When I was in high school, I had a math teacher who's appearance was quite unkempt. A mop of curly black hair which never seemed to be combed and a long mustache hanging over his top lip. And his shirts were always clean but noticeably never ironed. I suppose this the main reason so many students used to complain when they found out he was to be teaching us .. for four consecutive years in my case.
Yet this teacher was clever and used to come up with the most interesting conversations in class. He'd prompt us to ask the 'what if.. ' questions on all sorts of topics, whether current affairs, morals, or something he'd read recently. He'd write up a 'thought of the day' on the board and ask us to think about it.
I did used to think about those things. To this day I can still envisage a quote he put up on the board one morning early in the school year:
At the time I had no idea that the quote was from Benjamin Franklin. I just knew it was a truth. It meant the big things and the little things. It meant knowing what I wanted to achieve, which can be a vast mass of possibilities, and all the landmarks along the way. It also meant the mundane, regular plodding through rather than just jumping to the first goalpost.

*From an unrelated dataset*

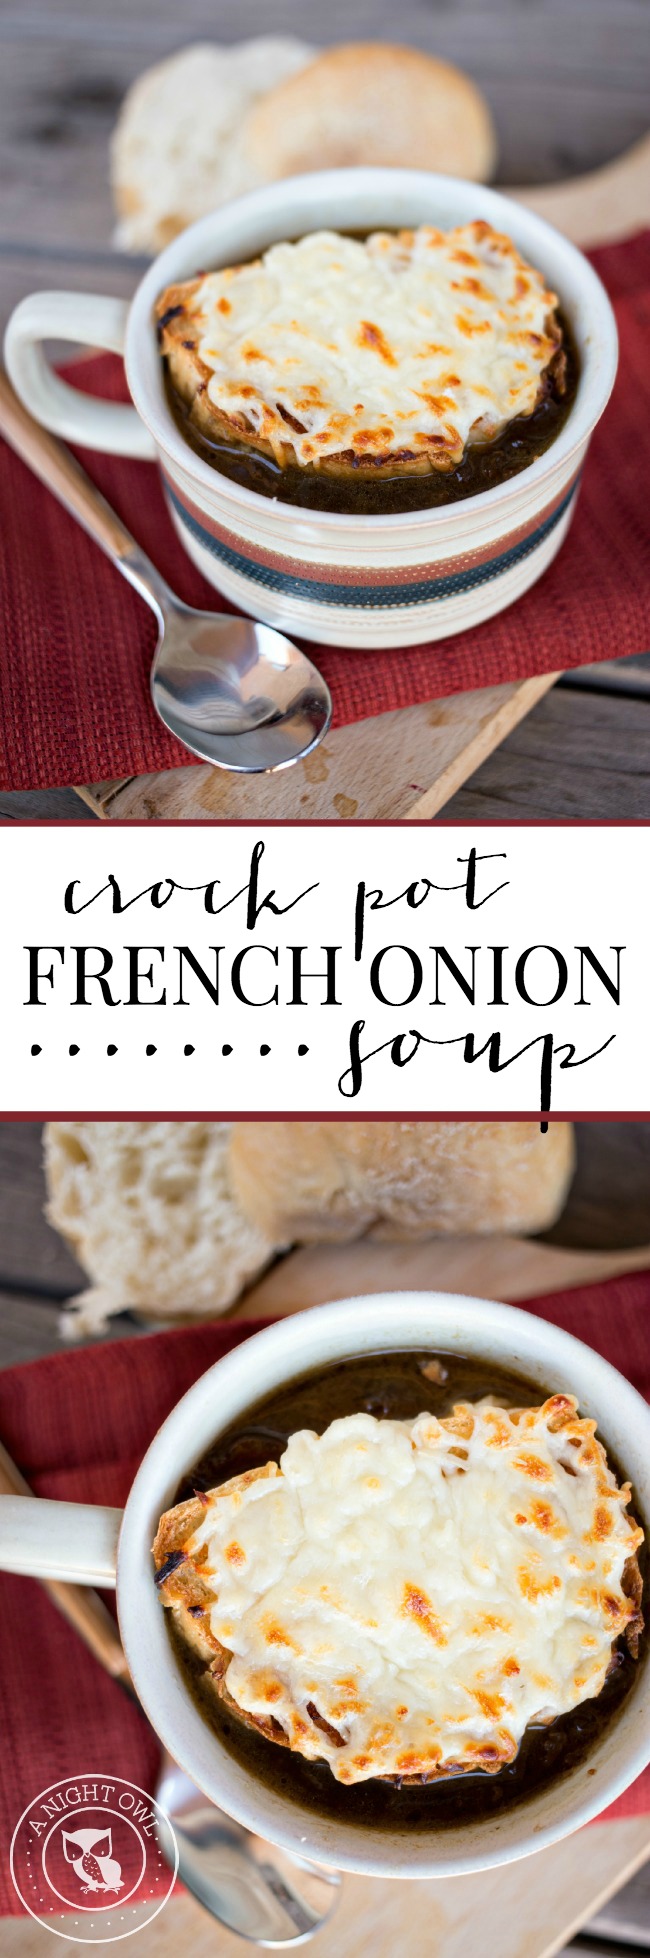 Crock Pot French Onion Soup | anightowlblog.com

So, that night was when I first started planning out my time. I didn't think about the big end-goal because all I wanted then (I think I was only 14 years old) was to get good grades in school. So, with my regular school diary, I went to my timetable page and did the 'Catherine' thing of colour-coding in all of my subjects. Then I made up a homework timetable too. I figured that if I had just done that subject at school that day, I'd spend 15 minutes reviewing my notes and doing some of my assigned homework. If I didn't have a particular subject that day but was having it tomorrow, I'd allot a little time for that too and make sure any assignments due were completed. Of course, there was leniency in the timeframe as I started using this method, because there were many times when I'd managed to complete my homework and didn't need to have it scheduled more than a few days.
It all looked good on paper, and I showed my teacher what I'd done when I next saw him for my math lesson. He seemed suitably impressed. But I hadn't put the plan into action yet. That was the next step.

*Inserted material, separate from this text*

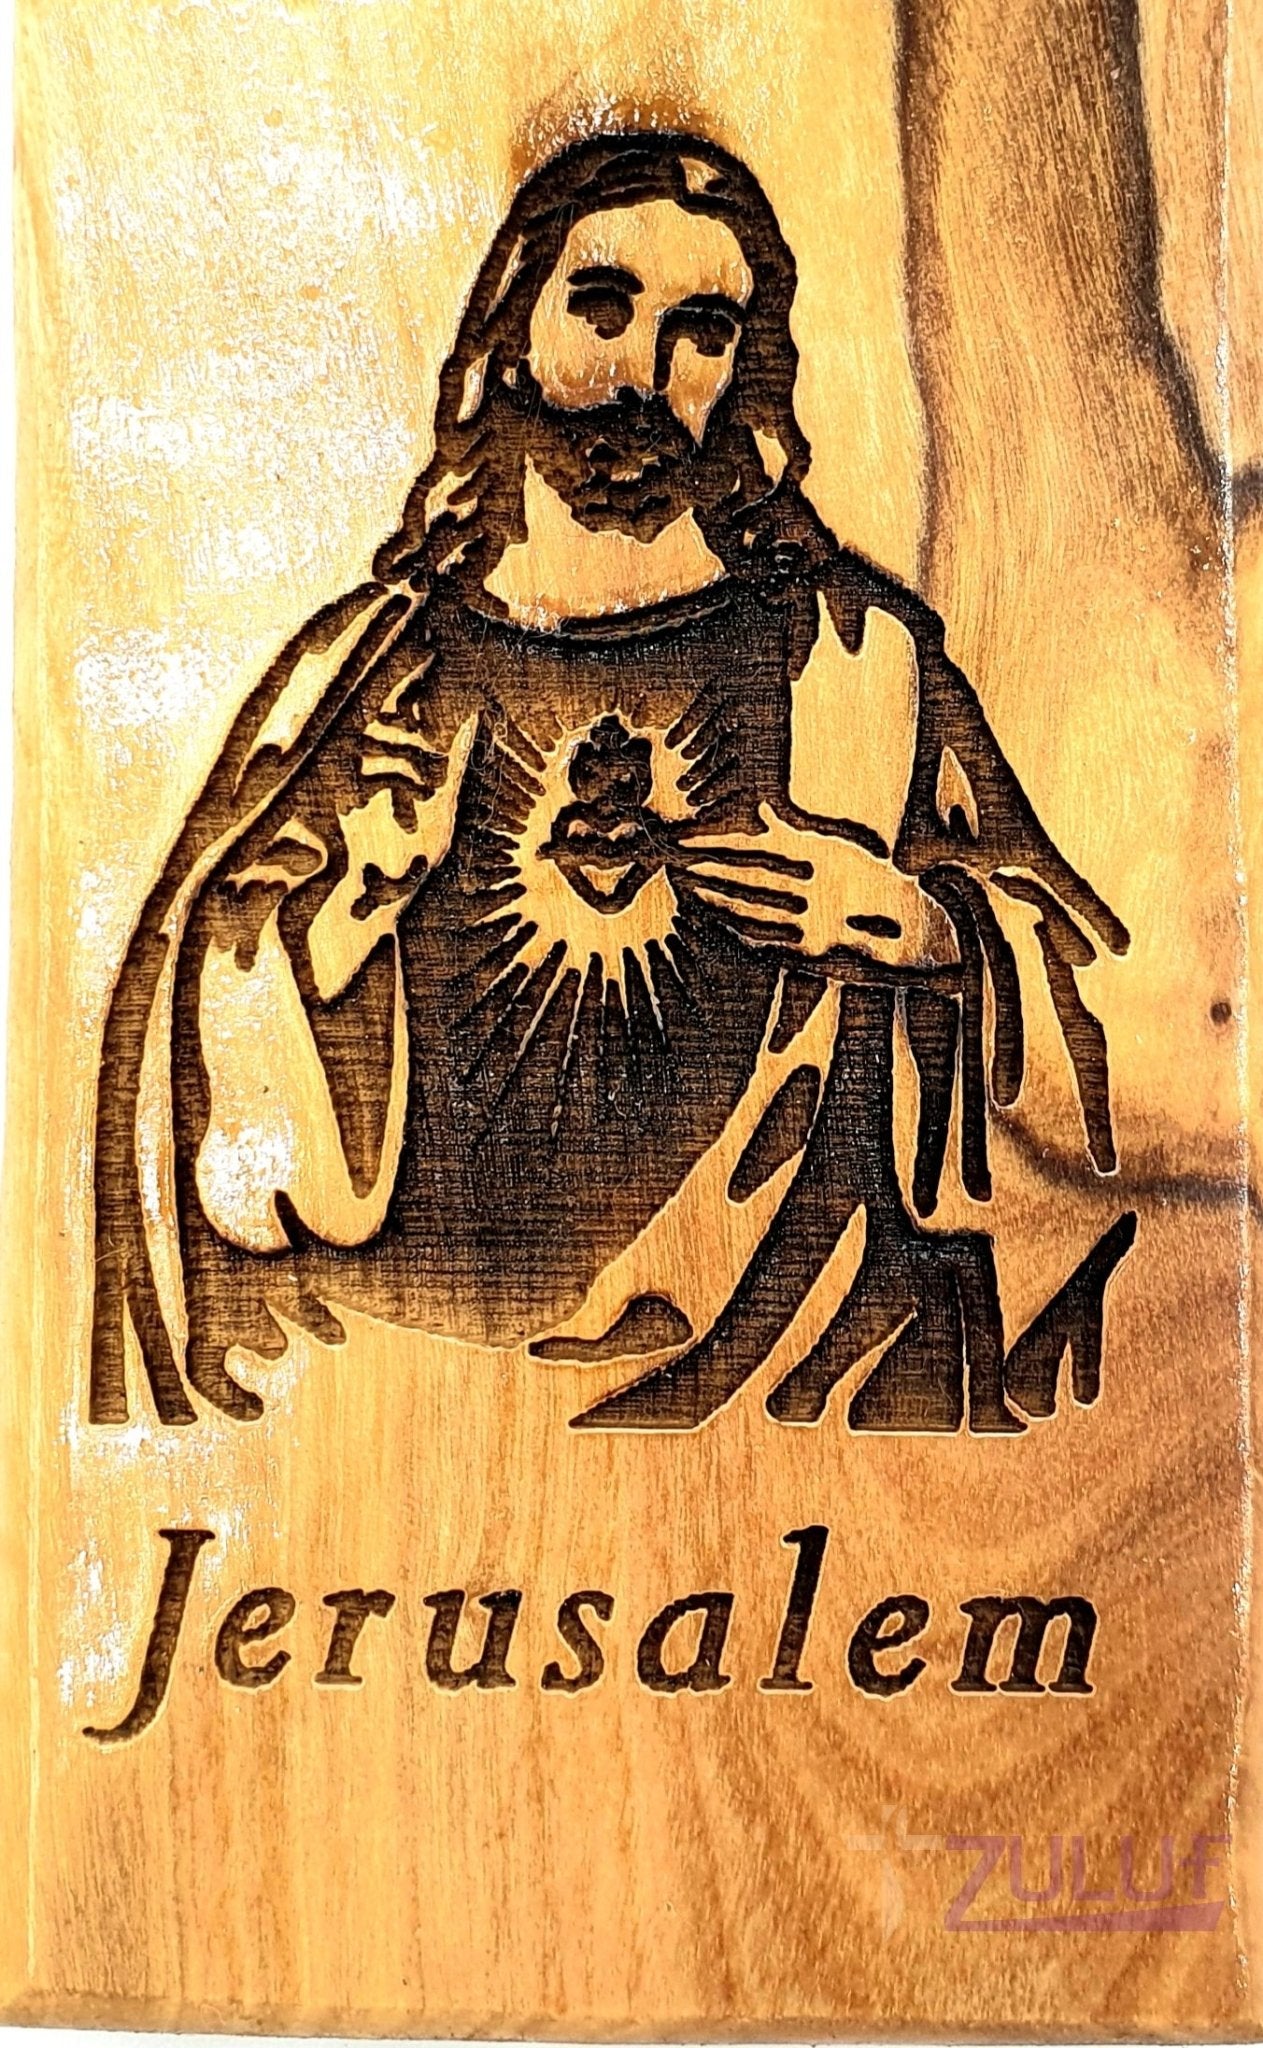 Jesus christ jerusalem hand made Magnet Religious Art Olive Wood Holy Land - MAG083 - Zuluf

Since it was the start of a new school year, one of the first assignments we were given in Biology was to read a HUGE chapter on classification. I didn't want to do it. The book reading was dry. However, you know when you make a promise to yourself and you really want to see if you can do this 'thing' you've started? Well, that meant I had to commit, so I set myself up and started reading. I remember constantly looking at the clock (no such thing as a digital timer, just my regular alarm clock on my desk). One page, two pages, three pages ... are those 15 minutes up yet? No, four pages. Okay, done! Write a quick summary and leave it. Move on to a new subject; and so it went. I ended up finishing reading that chapter over 3 days and I remember feeling so glad I didn't leave it and try to struggle through it all in one sitting the day before my next class.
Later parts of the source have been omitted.